Emine Erdoğan'dan Ayasofya açıklaması
Cumhurbaşkanı Recep Tayyip Erdoğan'ın eşi Emine Erdoğan Mihrişah Valide Sultan Eyüp İmarethanesi'nin açılış töreninde çarpıcı açıklamalar yaptı.
Osmanlı Döneminden günümüze gelen, aralıksız 225 yıldır yemek dağıtımı yapılan Mihrişah Valide Sultan Eyüp İmarethanesinin restorasyon çalışmaları tamamlandı. Her gün 3 bin 500 kişilik yemek dağıtılan imarethanenin açılış törenine katılan Cumhurbaşkanı Recep Tayyip Erdoğan'ın eşi Emine Erdoğan, "Gelecek nesillere aktarılacak bu güzide eserin restorasyon çalışmasında emeği geçen herkese şükranlarımı sunuyorum" dedi.
Açılışa Cumhurbaşkanı Recep Tayyip Erdoğan'ın eşi Emine Erdoğan,
Kültür ve Turizm Bakanı Mehmet Nuri Ersoy, Vakıflar Genel Müdürü
Burhan Ersoy ve Ali Yerlikaya ve eşi Hatice Nur Yerlikaya katıldı.
Açılış konuşmalarının ardından Kültür ve Turizm Bakanı Mehmet Nuri
Ersoy, Emine Erdoğan'a hediye takdim etti. Açılış kurdelesini Emine
Erdoğan, Ali Yerlikaya ve Mehmet Nuri Ersoy kesti.

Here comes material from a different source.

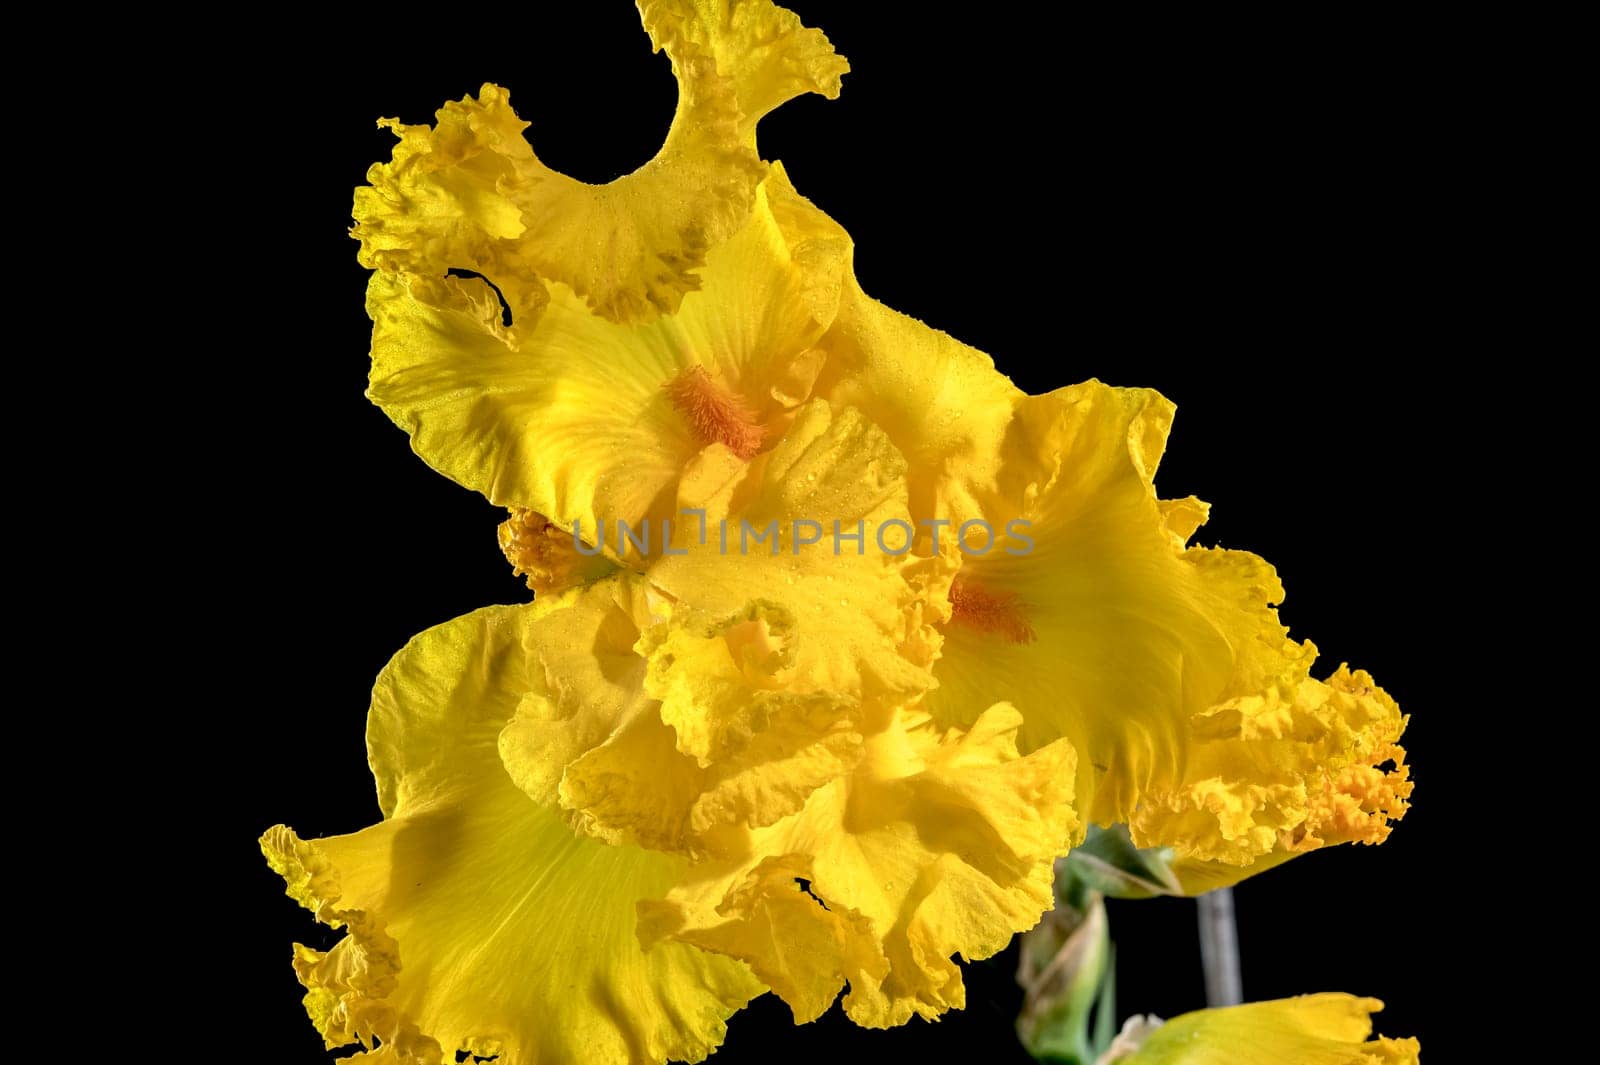 Blooming yellow iris on a black background by Multipedia

"AYASOFYA'MIZA, 86 YIL SONRA CAMİ SIFATIYLA YENİDEN
KAVUŞMUŞ OLMANIN SEVİNCİNİ YAŞIYORUM"
Mihrişah Valide Sultan Eyüp İmarethanesinin açılış töreninde
konuşan Emine Erdoğan, sözlerine Ayasofya Camii'nden bahsederek
başladı. Erdoğan, “Gelecek nesillere aktarılacak bu güzide
eserin restorasyon çalışmasında emeği geçen herkese şükranlarımı
sunuyorum. Bu vesile ile, Fatih Sultan Mehmet Vakfı'nın
mülkiyetinde bulunan Ayasofya'mıza, 86 yıl sonra cami sıfatıyla
yeniden kavuşmuş olmanın sevincini de sizlerle paylaşmak
istiyorum" dedi.
İstanbul'daki vakıf eserlerinden bahseden Emine Erdoğan, “Aziz İstanbul'umuzun her köşesi vakıf eserleriyle doludur. Yine Anadolu'nun her yerinde camiler, yollar, köprüler, kervansaraylar, medreseler gibi nice eser görürüz. Bunlar hiçbir karşılık beklemeden, yalnızca Allah rızası gözetilerek yapılmış eserlerdir. İnsanın insana emanet olduğu bilincine sahip olduğumuzun ispatıdır. Şunu da gururla söylemek istiyorum; bu medeniyetin izlerine başka bir coğrafyada rastlamak mümkün değildir. Bu kadar çok vakıf eserinin varlığı, 'hayırlı işleri yapmada birbirinizle yarışın' ayetinin, ecdadımızca ne kadar iyi anlaşıldığının göstergesidir. Öyle ki, kurulan vakıfların amaçlarına baktığımızda insan düşüncesinin inceliği karşısında şaşırıp kalıyoruz. Mesela hastalandığı ya da başka bir sebeple göçemeyen kuşlara bakmak için kurulan vakıflar var. Evlenmeyi kolaylaştırmak için çeyiz yapan vakıflar kurulmuş. Öğrenci okutmak, borç para vermek, ağaçları korumak, çevreyi güzelleştirmek gibi ihtiyaçları kendine amaç edinmiş nice vakıf var" ifadelerini kullandı.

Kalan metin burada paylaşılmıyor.